Старый, Кусок и Крысолов, замолчав, выпили. Так получилось, что опять их осталось только шестеро – Дмитрий ушел на дежурство, хоть и бросил тоскливый взгляд на стол, Ивану тоже надо было куда-то ехать. Даже старшина, поняв, по-видимому, что на его посулы и завлекательные рассказы не больно-то купились, после похорон быстро распрощался с ними и укатил к своим. А может, дисциплину, ярым поборником которой он был, не захотел нарушать. На прощание, правда, опять попробовал их к себе заманить, несколько туманно выразившись: «…Ну, если что – давайте к нам, всегда примем…»

Артем, Варька и Банан не пили в общем-то. Варька и Артем – по причине не сильно большой любви к этому делу, а Банан – стерегся: Старый ему поберечься велел. Как он объяснил, не столько оттого, что ему алкоголь по мозгам стукнет, а чисто чтобы, захмелев, Банан не дернулся резко и чего-нито в боку себе не повредил. Трубку-то из бока, по которой у него воздух оттуда откачивался, ему только сегодня утром удалили, вон Банан до сих пор морщится, как повернется неловко.

Про старшину Артем осторожно Крысолова и Старого расспросил: а чего, дескать, может, и вправду к ним? Типа разведгруппы? Тем более раз уж оседать решили? Но Крысолов лишь невесело покачал головой:

– Если хотя бы знать, что Захарыч тот здесь еще лет десять железной рукой править будет, тогда куда ни шло еще. Мне кажется, что ему своего удела по горло хватит, только чтобы порядок в нем навести. С ним, я думаю, можно было бы и жить здесь относительно мирно. А вот старлей тот, да еще со старшиной нашим, – те, видать, на большее замахнулись, куда как на большее. Жаден по натуре человек: достался ему кусок, что двумя руками держать надо, все равно второй норовит хоть пяткой ухватить.

– Опять же – обычное «собирание земель». Даже в те времена, когда и границы были прочерчены не то что по карте – по земле! – и ООН была, и прочие раздолбайские организации разные, достаточно было мало-мальской заварушке где-нибудь произойти, и все: границы начинали кроить, как Рабинович – брюки. А уж теперь-то… И, понятное дело, тот, кто круче всех окажется, через энное количество лет героицкую сагу накатает: как он раздробленную державу из руин подымал и со всеми прочими, кои даже не человеки были, а нелюди пополам с морфами, неустанную борьбу вел до тех самых пор, пока не поднялась великая держава… да хоть бы и Белореченская – чем это хуже, чем та же Московская? Сейчас как раз такой этап и начинается. Устаканилось мало-помалу, быток наладился, производство хоть какое, вот и начали смотреть: а где чего и не мое, да лежит хорошо.

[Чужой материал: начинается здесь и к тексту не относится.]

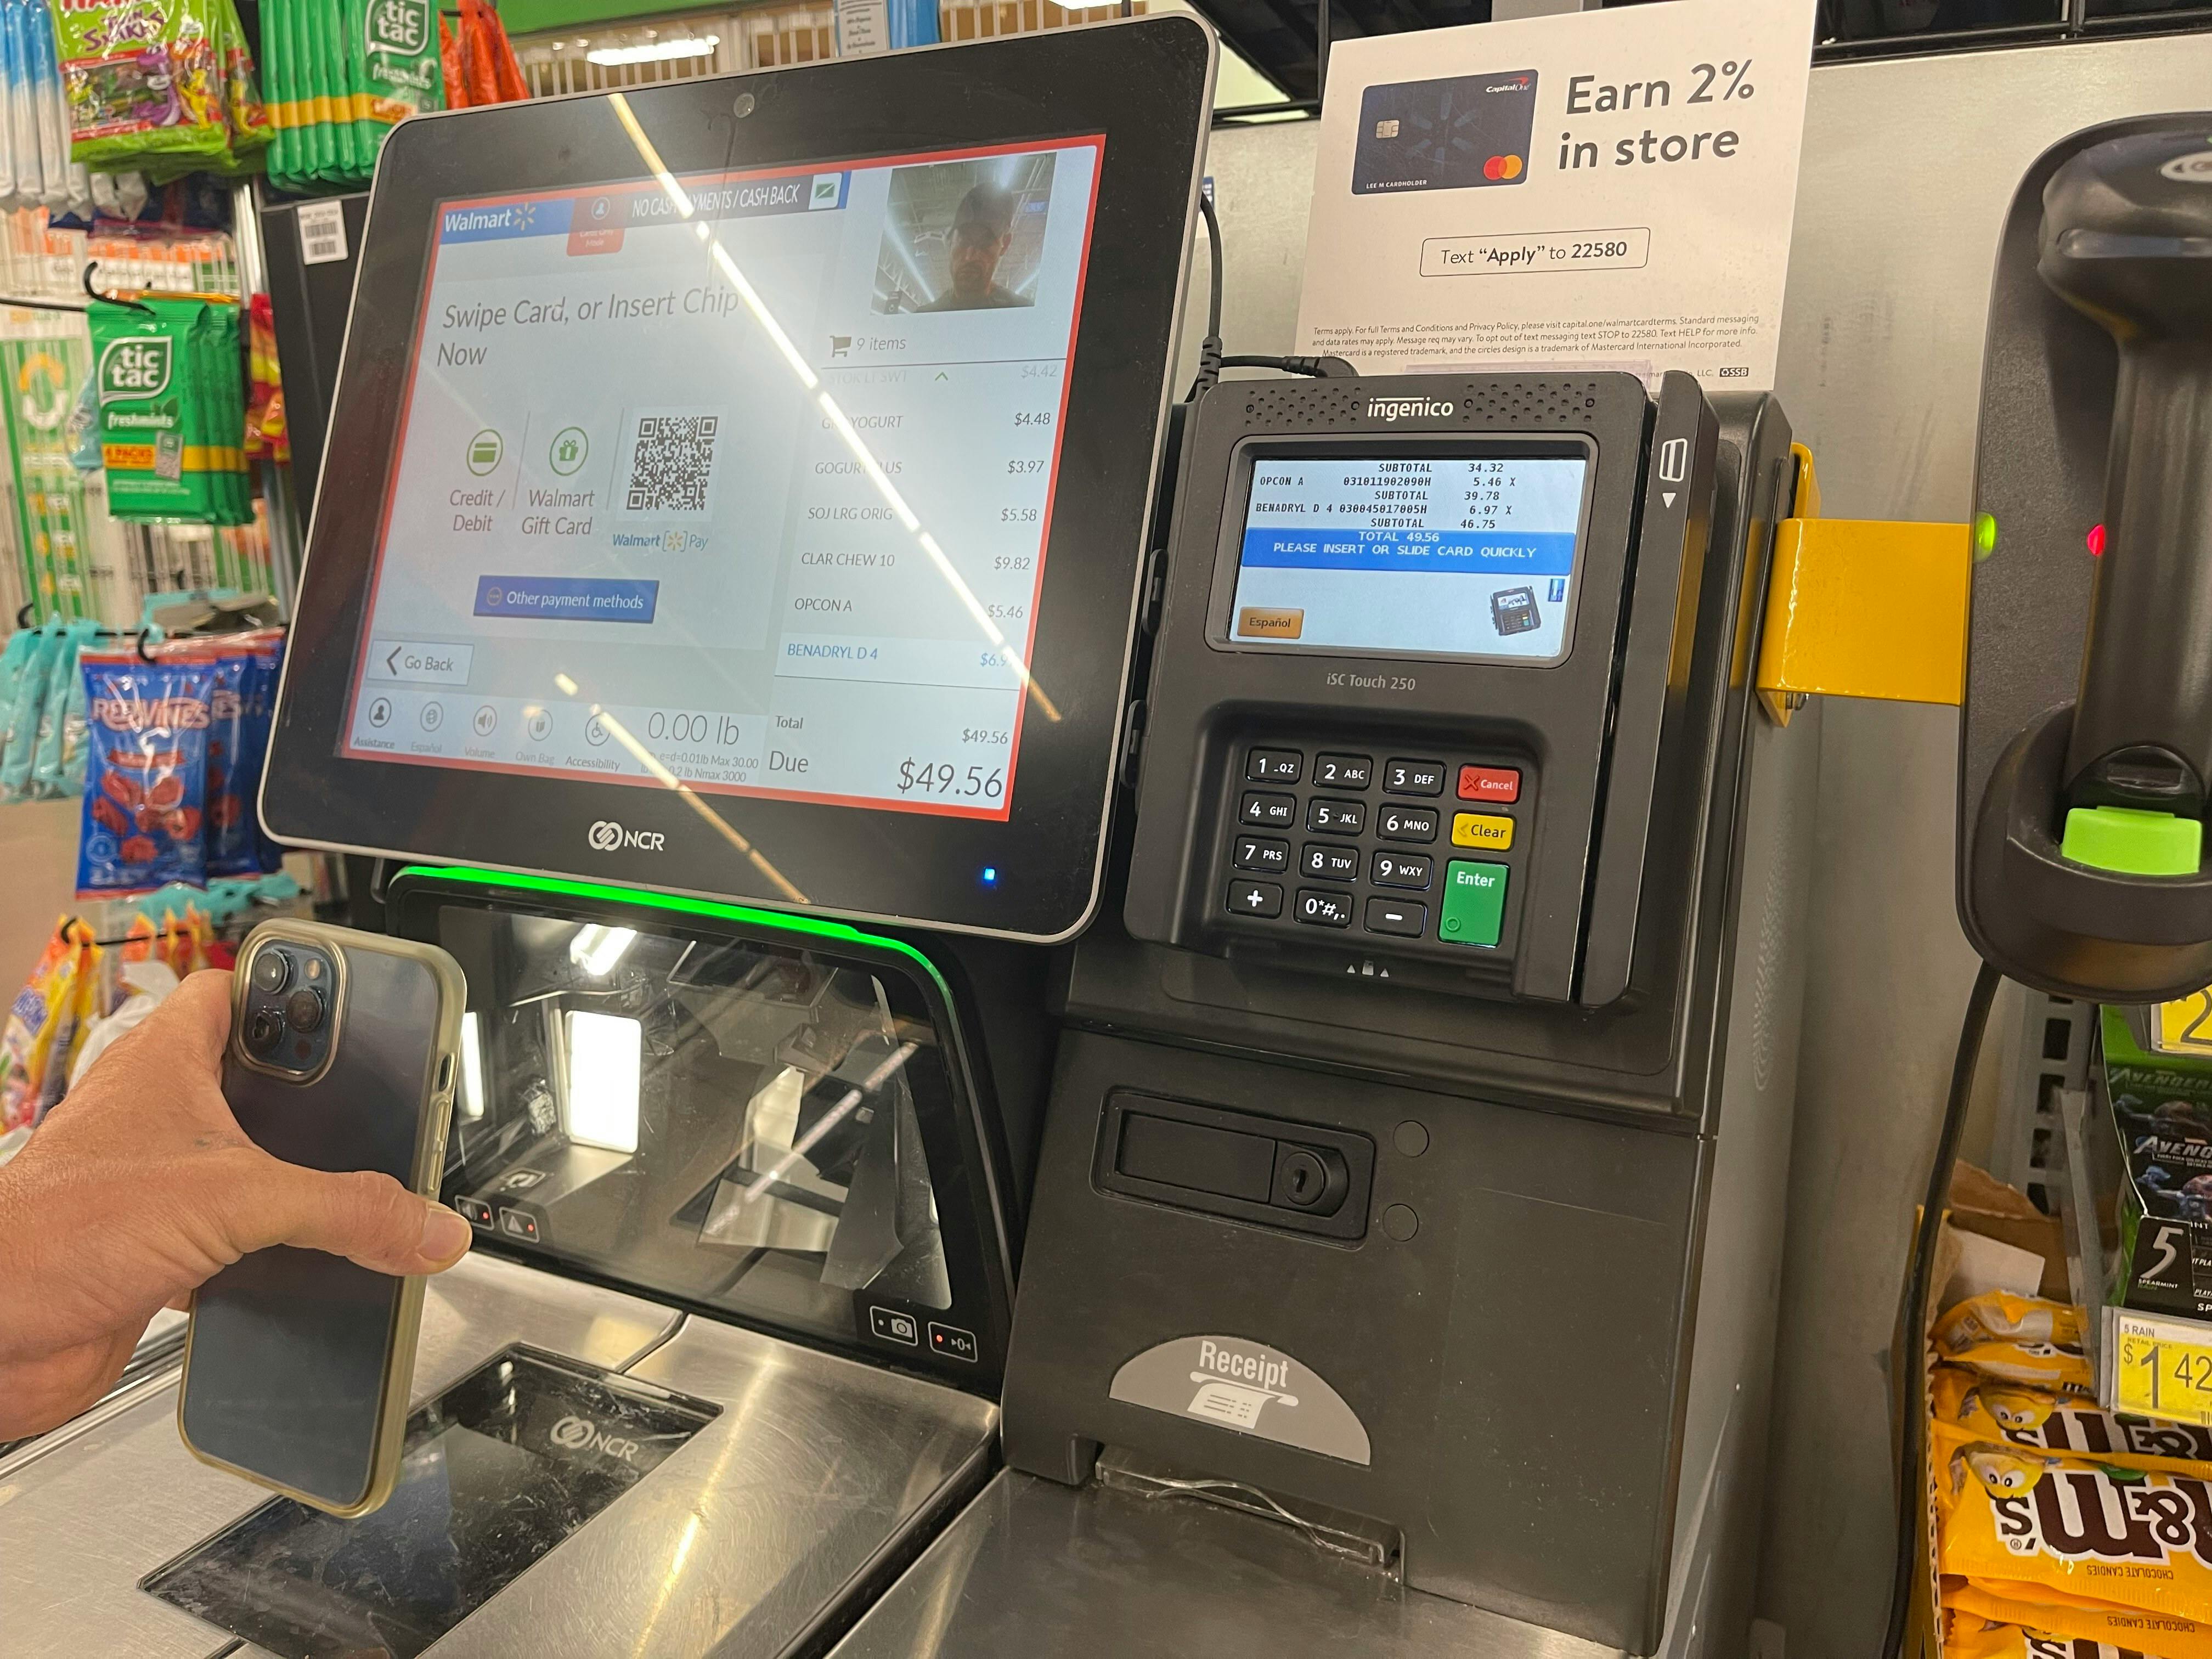 cellphone being scanned at walmart self check out

– Главное – это везде сейчас, – согласно кивнул Крысолов. – Вон в Штатах бывших – целых восемь президентов, и все законно избранные.

– Уже восемь? – изумилась Варька.

– Ну да, размножаются, как кролики. Вроде четыре белых, один черный, три латиноса – на самом юге – и один китаец. Утверждает, что он незаконнорожденный сын Джорджа Буша, которому тот всю власть еще во время своего правления передал. Многие верят. Да и у нас посчитать, сколько Лжедмитриев в «долгий танец» отправили… – Старый махнул рукой.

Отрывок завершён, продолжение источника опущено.